Every search engine, AI system, assistant, answer engine and LLM-based product has to solve similar problems.

They need to identify entities.
They need to separate similar entities.
They need to connect facts to sources.
They need to decide which relationships are strong enough to mention.
They need to avoid confidently saying something stupid, which, as we all know, is a very human problem too.

This is why the confidence score is such a helpful concept.

It gives us a better way to think about visibility in a machine-mediated web. The question is no longer just whether your content exists. The question is whether systems can understand it, verify it and connect it correctly.

For brands, people and organizations, that changes the job.

You are not only optimizing pages.
You are building a clearer identity.
You are creating better evidence.
You are helping machines understand the real relationships around your entity.

And that is much bigger than one API score.

The more I look at entity SEO, Knowledge Panels and AI search, the more I think confidence is one of the best ways to explain what is actually changing.

For years, SEO was mostly discussed through rankings, keywords, backlinks and content. All of that still matters. But it is no longer enough.

Because Google and AI systems are not only asking:

“Which page should rank?”

They are also asking:

  • “Which entity is this?”
  • “Is this the same person, brand or concept?”
  • “What is it connected to?”
  • “Can this information be verified?”
  • “Is this source reliable enough to use in an answer?”

That is the deeper reason why the Knowledge Graph resultScore is so interesting. It is not a magic number. It is not a public trust meter. It is not a direct ranking factor.

But it gives us a small visible clue into a much bigger machine problem: systems need confidence before they can confidently show, summarize or recommend something.

And that is exactly where modern SEO is heading.

The brands, people and organizations that win in AI search will not only be the ones publishing the most content. They will be the ones that are easiest to identify, easiest to verify and hardest to confuse.

That means

  • clear entity homes.
  • Consistent descriptions.
  • Strong relationships.
  • Useful structured data.
  • External confirmation.
  • Real proof.

Not because Google needs another thousand lines of Schema.
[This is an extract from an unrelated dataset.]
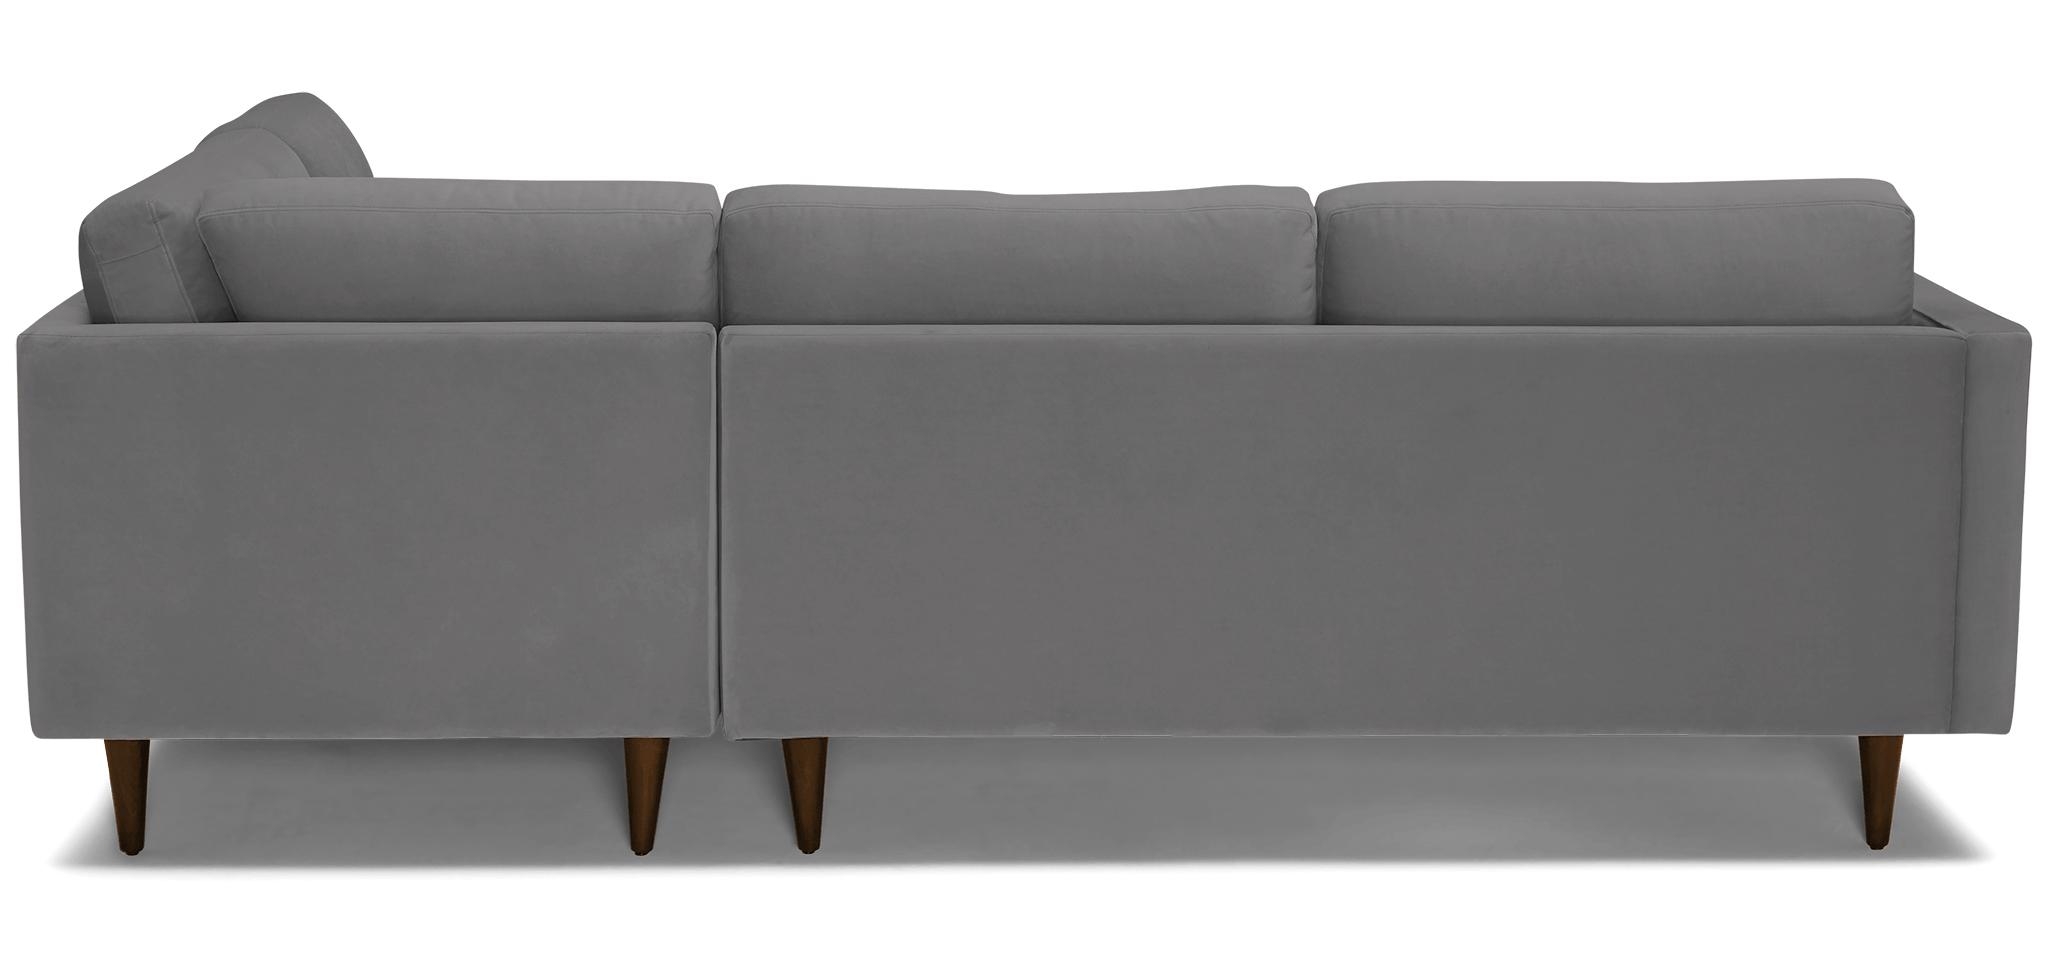 Gray Briar Mid Century Modern Sectional with Bumper - Royale Ash - Mocha - Right  - Image 4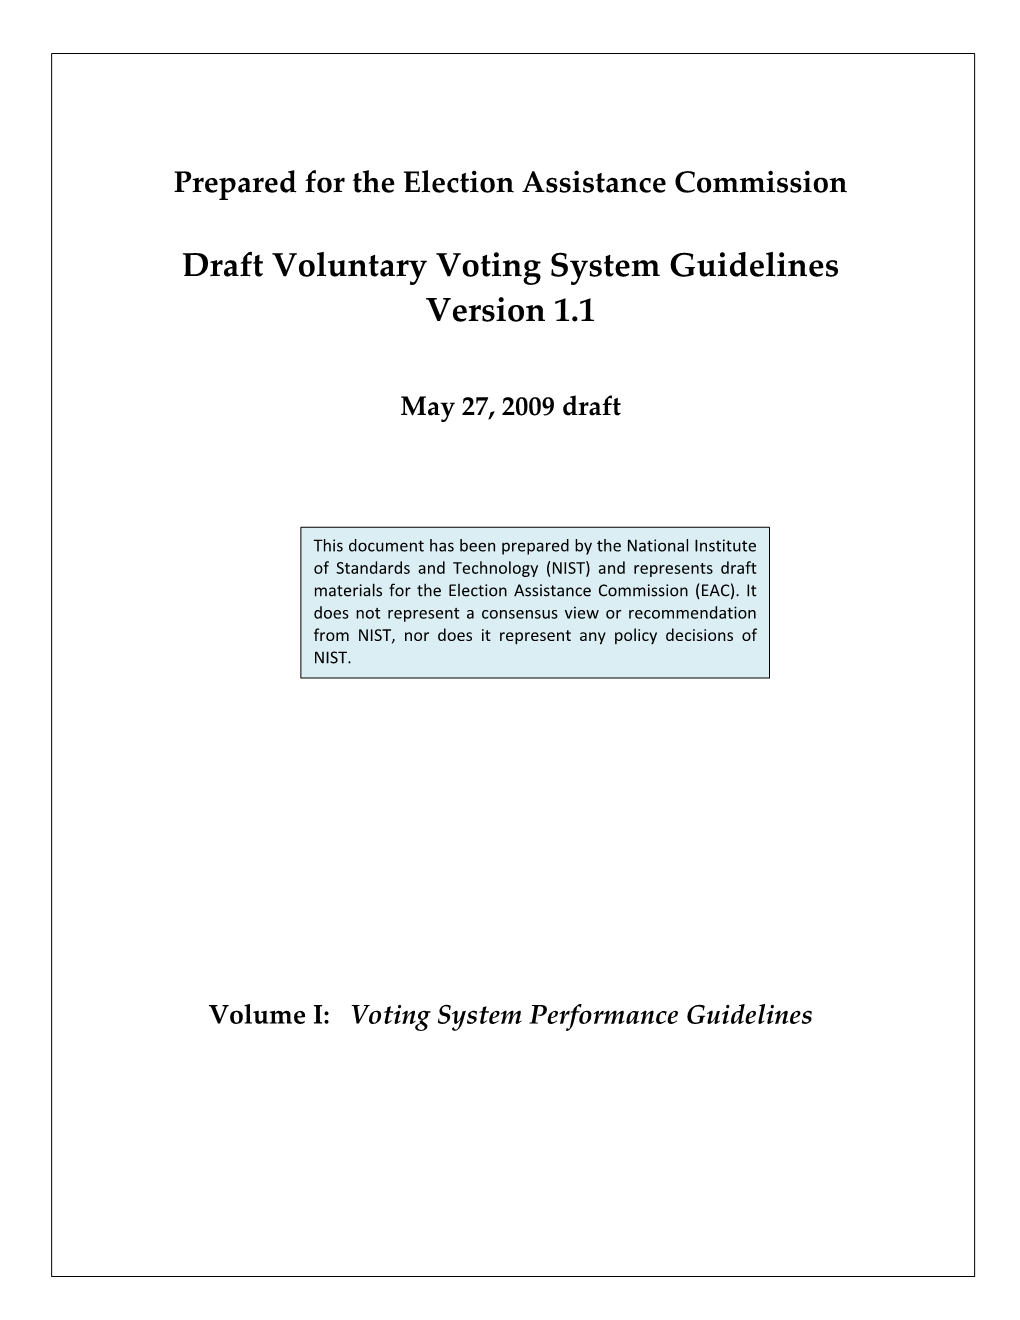 Voluntary Voting System Guidelines Draft Version

But because machines need help understanding reality.

And honestly, so do humans.

A good website should make it obvious who you are, what you do, what you know, who you are connected to and why anyone should trust you.

That is good branding.
That is good SEO.
And increasingly, that is also good AI visibility.

So no, you cannot directly optimize one universal “confidence score” and call it a day.

But you can build a web presence that gives search engines and AI systems fewer reasons to doubt you.

And in the future of search, that may be one of the most valuable things you can do.